La vera storia dell'impresa coloniale italiana alla quale si è dedicato da più di tre decenni Del Boca contrasta con quella ancora largamente prodotta nella seconda metà del XX secolo, proveniente da storici per la maggior parte nazionalisti/colonialisti, quando non erano di simpatie e provenienza fasciste. da questo punto di vista, è con una sfasatura di quasi due generazioni in rapporto alle opere pionieristiche di un Charles-André Julien in Francia, ad esempio, che si scrive ora una storia degna di questo nome della colonizzazione e del colonialismo italiani. E, nel cammino tracciato da Del Boca, c'è tutta una costellazione di storici più giovani, come Giorgio Rochat o Nicola Labanca.

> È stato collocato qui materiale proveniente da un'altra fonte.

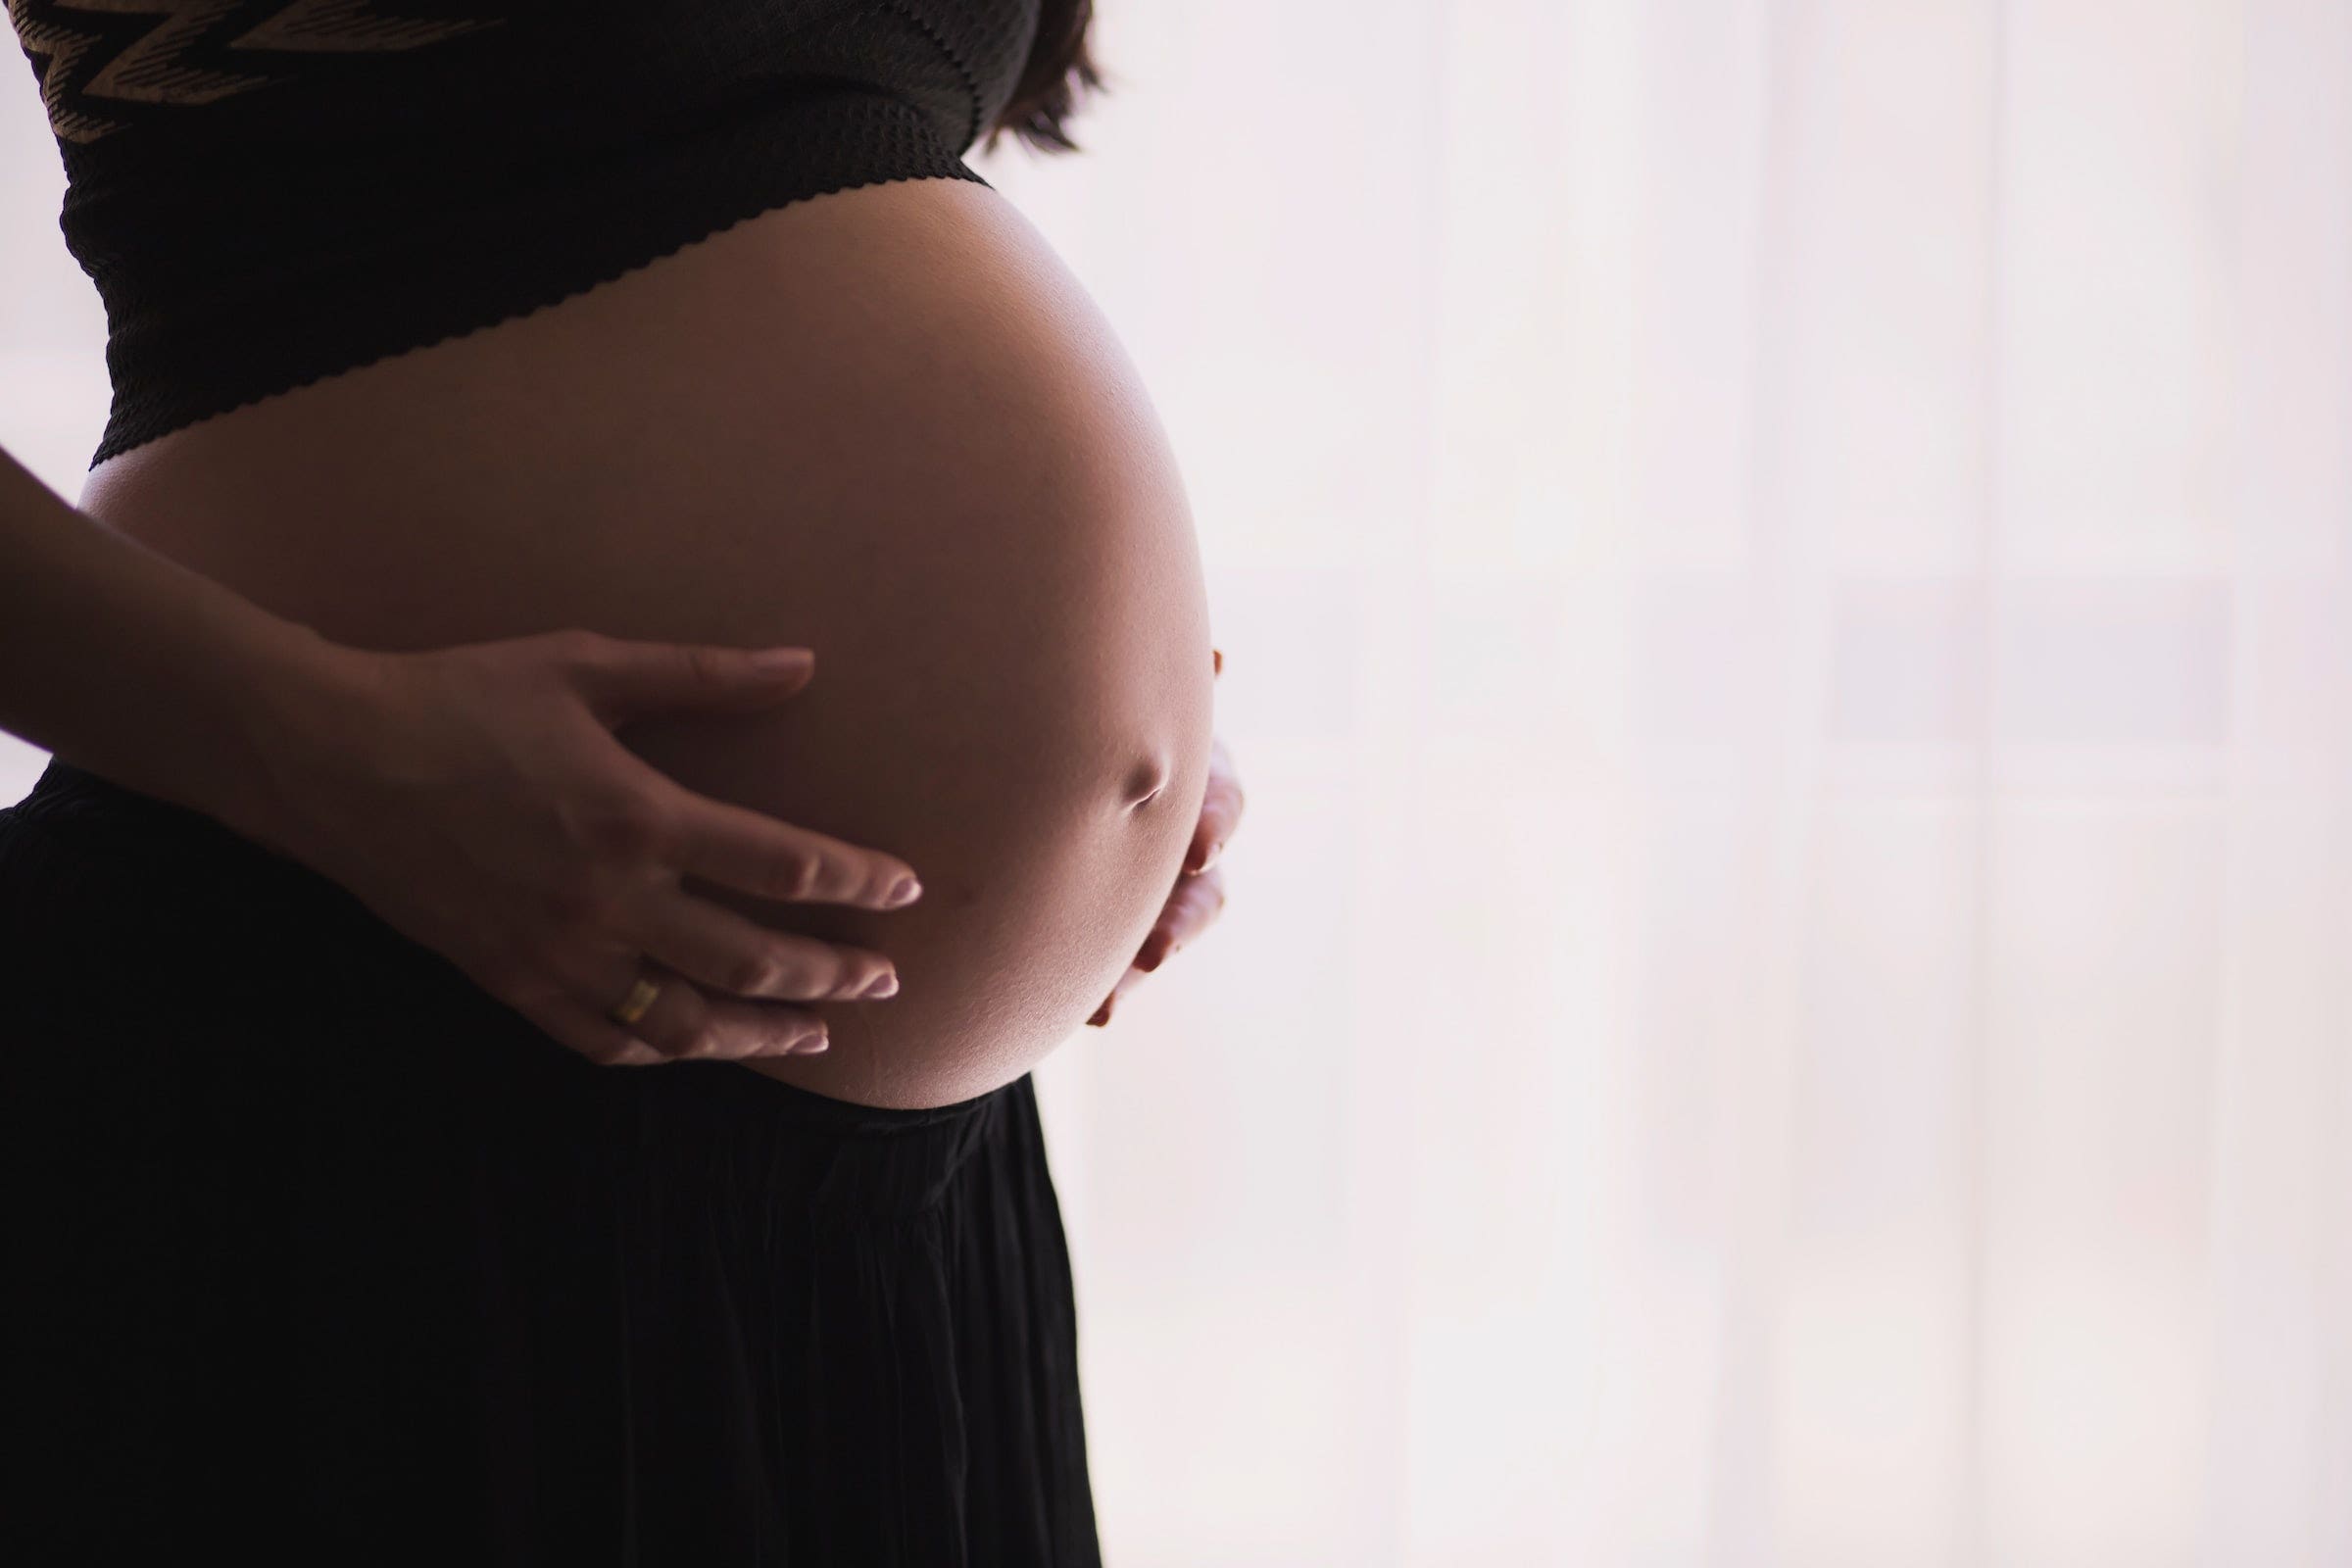 Oklahoma Suing Pregnant Women For Consuming Medical Marijuana
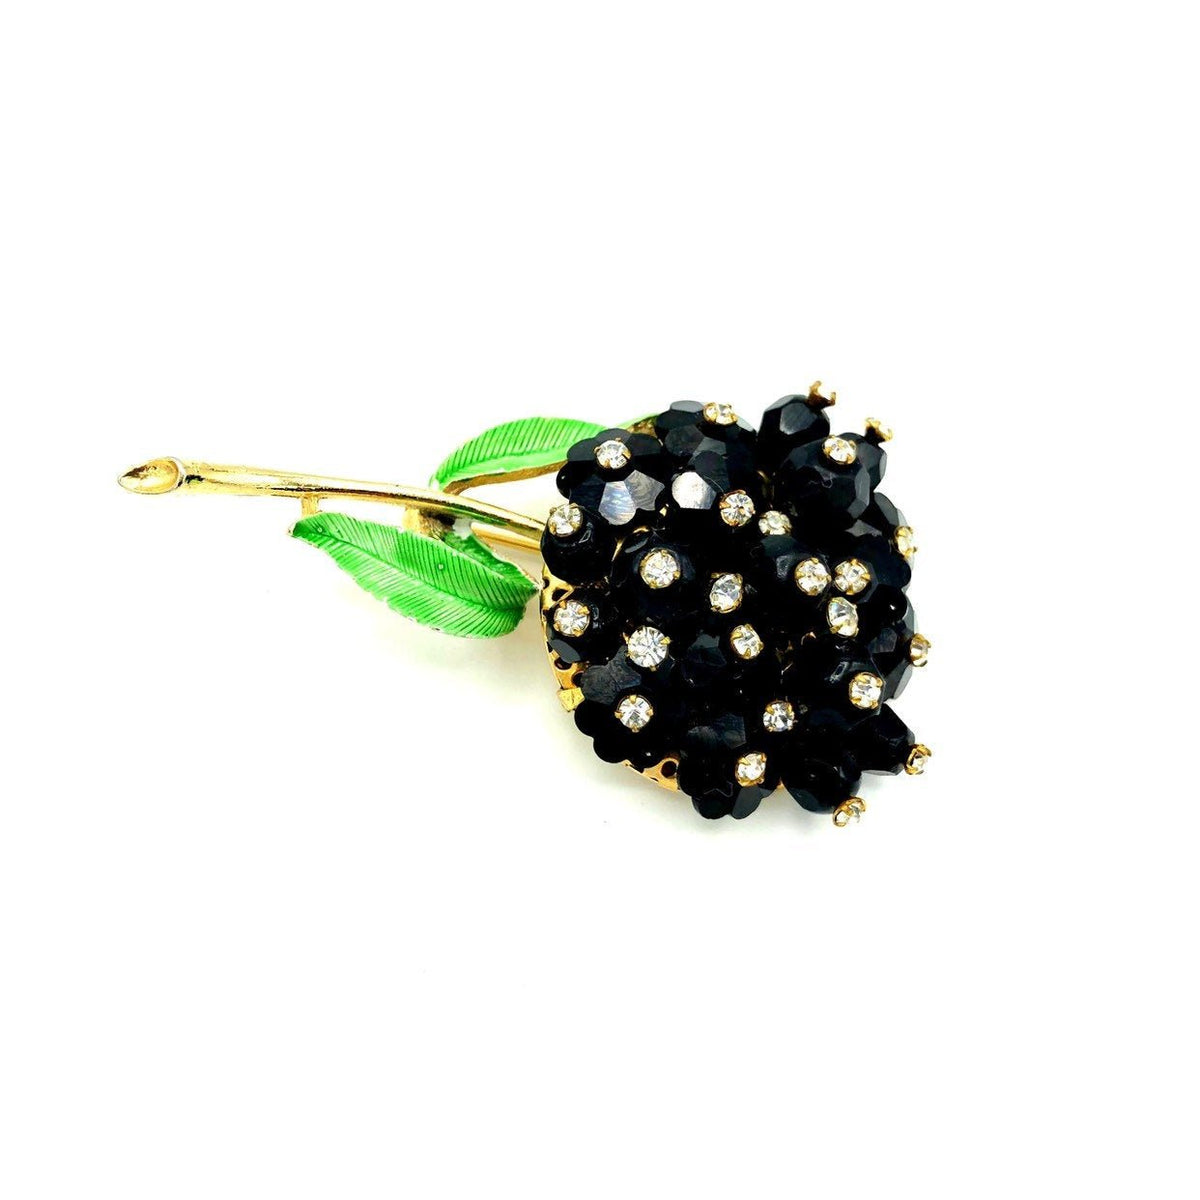 Long Stem Flower Black & White Rhinestone Vintage Brooch - 24 Wishes Vintage Jewelry

Si prenda ad esempio, dopo lo sbarco nella baia di Assab nel 1870 e l'ibstallazione in Somalia, la conquista dell'Eritrea interna, impresa seguita successivamente allo sbarco di Massua nel 1885, al momento dello scramble for Africa. Vi fu condotta una guerra coloniale tipica, con le sue considerazioni normative sulle razze inferiori, con i suoi massacri di massa, la sua giustizia rapida e le sue esecuzioni sommarie che non contribuì poco ad annientare il massacro di una colonna italiana a Dogali, all'inizio del 1887. Su questo territorio di 200.000 abitanti, furono aperti non meno di sette penitenziari di tende e capanne. Il più grande, quello di Nocra, sulle isole Dahalak,contenevano sin dal 1882 un migliaio di detenuti. In questo "inferno di Nocra", i prigionieri morivano di insolazione, di sete, di fame.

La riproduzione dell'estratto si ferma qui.